Rowv: determines if and how the _row_ dendrogram should be
reordered. Either a 'dendrogram' or a vector of values used
to reorder the row dendrogram or 'FALSE' to suppress
reordering or by default, 'NULL', see _Details_ below.
Colv: determines if and how the _column_ dendrogram should be
reordered. Has the options as the 'Rowv' argument above and
_additionally_ when 'x' is a square matrix, 'Colv = "Rowv"'
means that columns should be treated identically to the rows.
distfun: function used to compute the distance (dissimilarity) between
both rows and columns. Defaults to 'dist'.
hclustfun: function used to compute the hierarchical clustering when
'Rowv' or 'Colv' are not dendrograms. Defaults to 'hclust'.
dendogram: character string indicating whether to draw 'none', 'row',
'column' or 'both' dendrograms.

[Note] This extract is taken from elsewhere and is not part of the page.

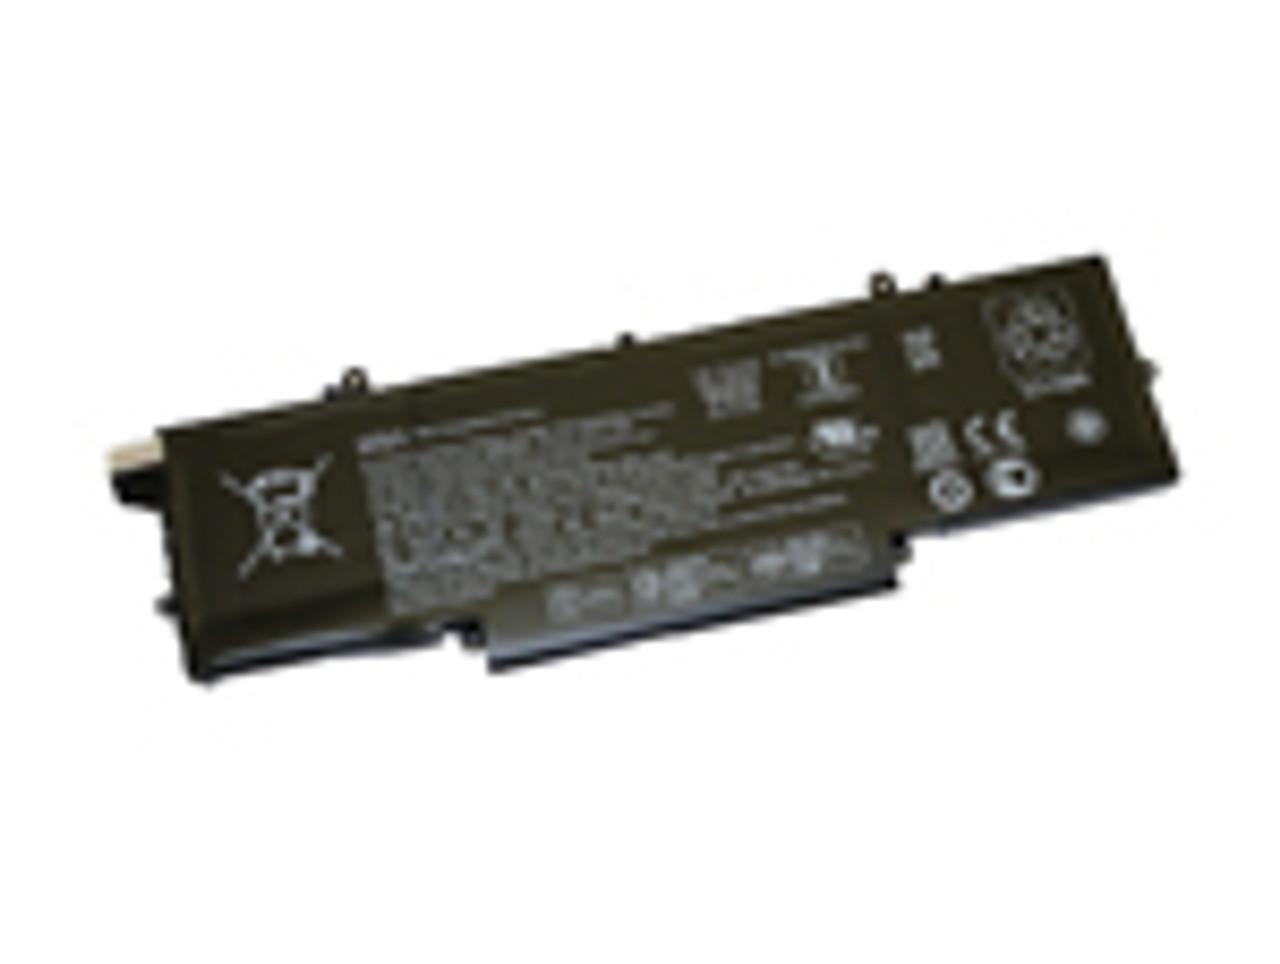 Laptop Battery for HP Elitebook 1040 G4 (11.55V, 5800mAh, 67Whr)

Defaults to 'both'.
symm: logical indicating if 'x' should be treated *symm*etrically;
can only be true when 'x' is a square matrix.
scale: character indicating if the values should be centered and
scaled in either the row direction or the column direction,
or none. The default is '"row"' if 'symm' false, and
'"none"' otherwise.
na.rm: logical indicating whether 'NA''s should be removed.
revC: logical indicating if the column order should be 'rev'ersed
for plotting, such that e.g., for the symmetric case, the
symmetry axis is as usual.
add.expr: expression that will be evaluated after the call to 'image'.
Can be used to add components to the plot.
breaks: (optional) Either a numeric vector indicating the splitting
points for binning 'x' into colors, or a integer number of
break points to be used, in which case the break points will
be spaced equally between 'min(x)' and 'max(x)'.
col: colors used for the image. Defaults to heat colors
('heat.colors').
colsep,rowsep,sepcolor: (optional) vector of integers indicating which
columns or rows should be separated from the preceding
columns or rows by a narrow space of color 'sepcolor'.
cellnote: (optional) matrix of character strings which will be placed
within each color cell, e.g. p-value symbols.
notecex: (optional) numeric scaling factor for 'cellnote' items.
notecol: (optional) character string specifying the color for
'cellnote' text. Defaults to "green".
trace: character string indicating whether a solid "trace" line
should be drawn across 'row's or down 'column's, 'both' or
'none'. The distance of the line from the center of each
color-cell is proportional to the size of the measurement.
Defaults to 'column'.
tracecol: character string giving the color for "trace" line. Defaults
to "cyan".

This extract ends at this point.